Owen Jones co-directs team conducting breakthrough study on law and neuroscience

A team of Vanderbilt researchers will play an important role in a landmark study into the emerging field of law and neuroscience—analyzing the human brain to better understand how the brain’s actions impact the law.

The first-of-its-kind project, which is a collaboration among researchers at Vanderbilt and 24 other universities, is funded by a $10 million grant awarded by the John D. and Catherine T. MacArthur Foundation.

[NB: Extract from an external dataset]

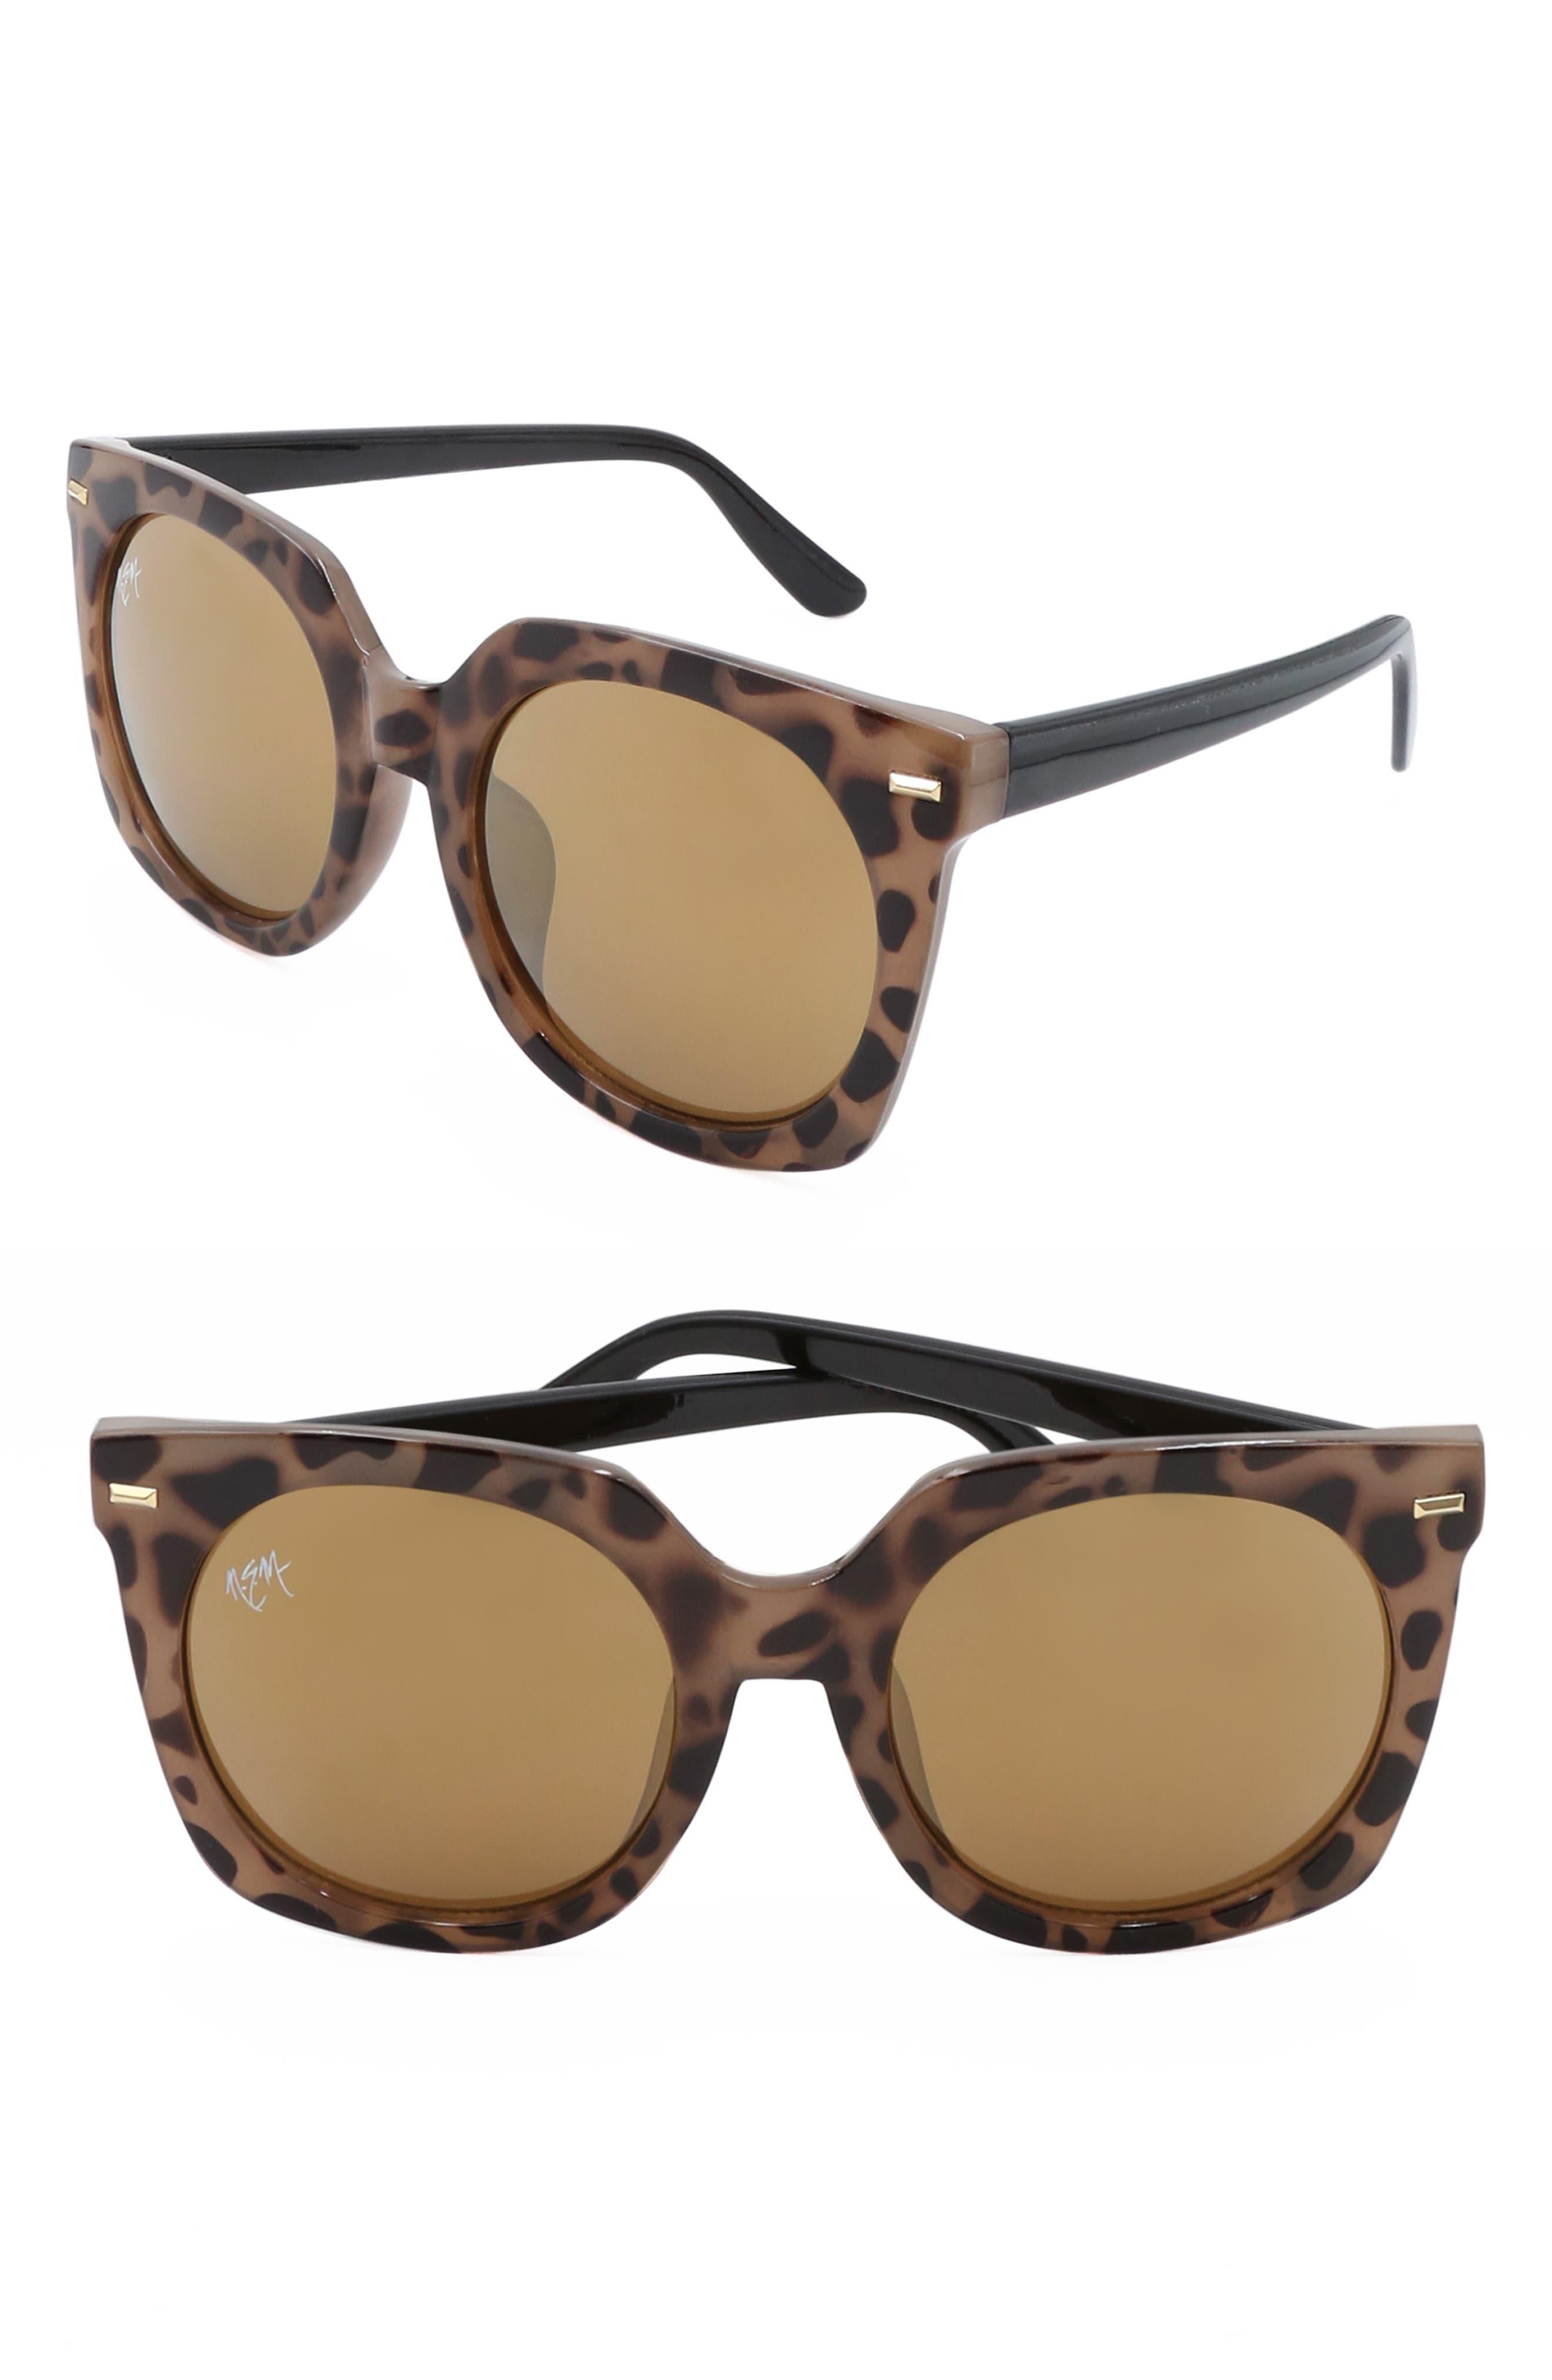 Nem Melrose 55Mm Square Sunglasses - Brown Marble W Amber Lens
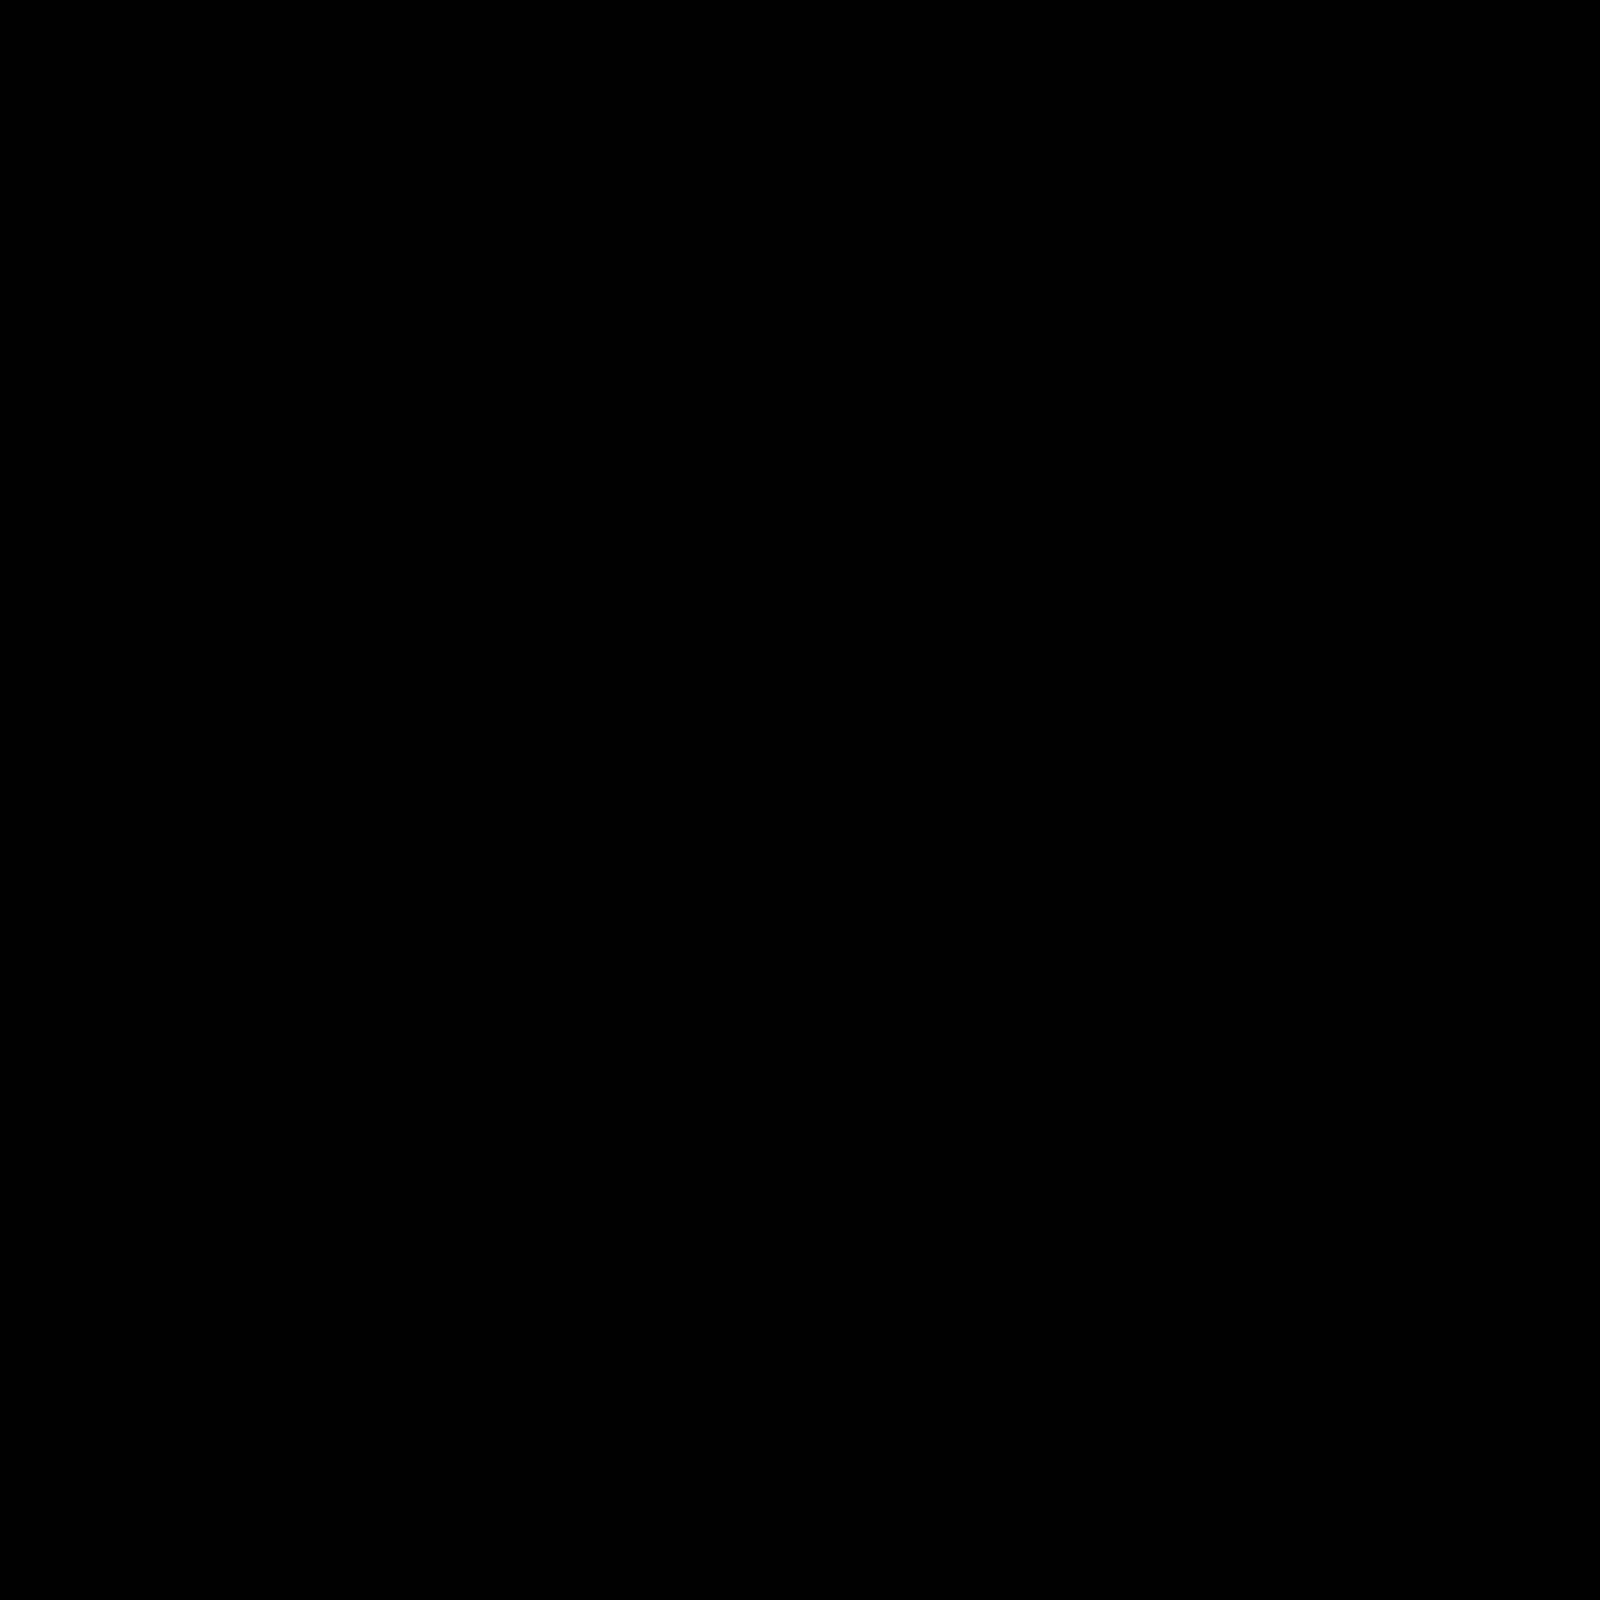 Alarm off icon

Vanderbilt professor Owen Jones, one of the nation’s few professors of both law and biology, helped procure the grant and will serve as co-director of the MacArthur Foundation Research Network on Decision-Making, one of  three research networks within the Law and Neuroscience Project. The other two branches will explore the roles of brain abnormalities and addiction as it relates to criminal behavior and criminal responsibility.

Read Law and Neuroscience Project announcement issued by the John D. and Catherine T. MacArthur Foundation.

The Law and Neuroscience Project is the first systematic effort to bridge the fields of law and science in considering how courts should deal with new brain-scanning techniques as they apply to matters of law. Professor Jones’ research network will explore decision making related to complex issues surrounding criminal intent.

Jones and the “decision-making” team will examine decisions that lead to criminal behavior –what aspect of the brain prompts a person to switch from law-abiding to law-breaking? This research will, in essence, explore the neurological side of things such as emotion, choice, risk, inhibition and temptation.

The team will also look into decisions legal experts, such as judges, juries, witnesses and lawyers, make about crime and punishment. The researchers will analyze the brain to see if biases based on race, sex or ethnicity can be detected and they will investigate how jurors react to different kinds of evidence.

Jones’ team, which includes associate professor of psychology and neuroscience René Marois, Ingram professor of neuroscience and director of the Center for Integrative and Cognitive Neuroscience Jeff Schall and professor of law and director of Vanderbilt Law School’s law and human behavior program Erin O’Hara, among others, will study the brain’s activities using a highly sensitive technique called functional magnetic resonance imaging or fMRI. FMRI looks at parts of the brain that are more active when a person does a specific task or has a specific thought.

Jones explained that the more a part of the brain works the more oxygen it needs. The fMRI can ‘see’ where that oxygen is going, which enables the researchers to track which parts of the brain are being used when the subject is making different decisions.

Jones and Marois, who began working together two years ago, are the first law and neuroscience researchers to conduct fMRI research on criminal punishment aspects of legal decision making and Vanderbilt is one of the few universities in the world with a state-of-the-art Institute of Imaging Science, led by John Gore, which contains multiple high-powered fMRI scanners.

“The law makes a lot of assumptions about how and why people behave the ways they do,” said Jones. “With this research, we can learn more about what underlies those behaviors by using non-invasive technologies, to investigate what’s going on in the brain.”

"Owen Jones and his colleagues have created a new discipline at the intersection of law and neuroscience, one that takes full advantage of Vanderbilt’s unique strengths in both areas," said Interim Chancellor Nicholas S. Zeppos. "Selection for the MacArthur project demonstrates the power and importance of interdisciplinary approach to discovery." 

Information about the full law and neuroscience study.

The Law and Neuroscience Project is centered at the University of California, Santa Barbara (UCSB). Former Supreme Court Justice Sandra Day O’Connor serves as honorary chair. UCSB Professor of Psychology Michael S. Gazzaniga, who also directs the Sage Center for the Study of the Mind, is the director and principal investigator. Walter Sinnott-Armstrong, Professor of Philosophy and Hardy Professor of Legal Studies at Dartmouth College, co-directs the project.

Proponents of neuroscientific evidence say it can help make the judicial system more accurate and less biased on matters of guilt, punishment, and treatment, on the detection of lies and bias, and in the prediction of criminal behavior. They believe the result could be less crime and fewer people in prisons. Skeptics fear that brain-imaging technology poses a threat to privacy and notions of personal responsibility. Both scientists and legal scholars warn that failing to properly integrate neuroscience and law could harm the legal system by sending the wrong people to prison, and by creating skepticism about some of the law’s basic assumptions.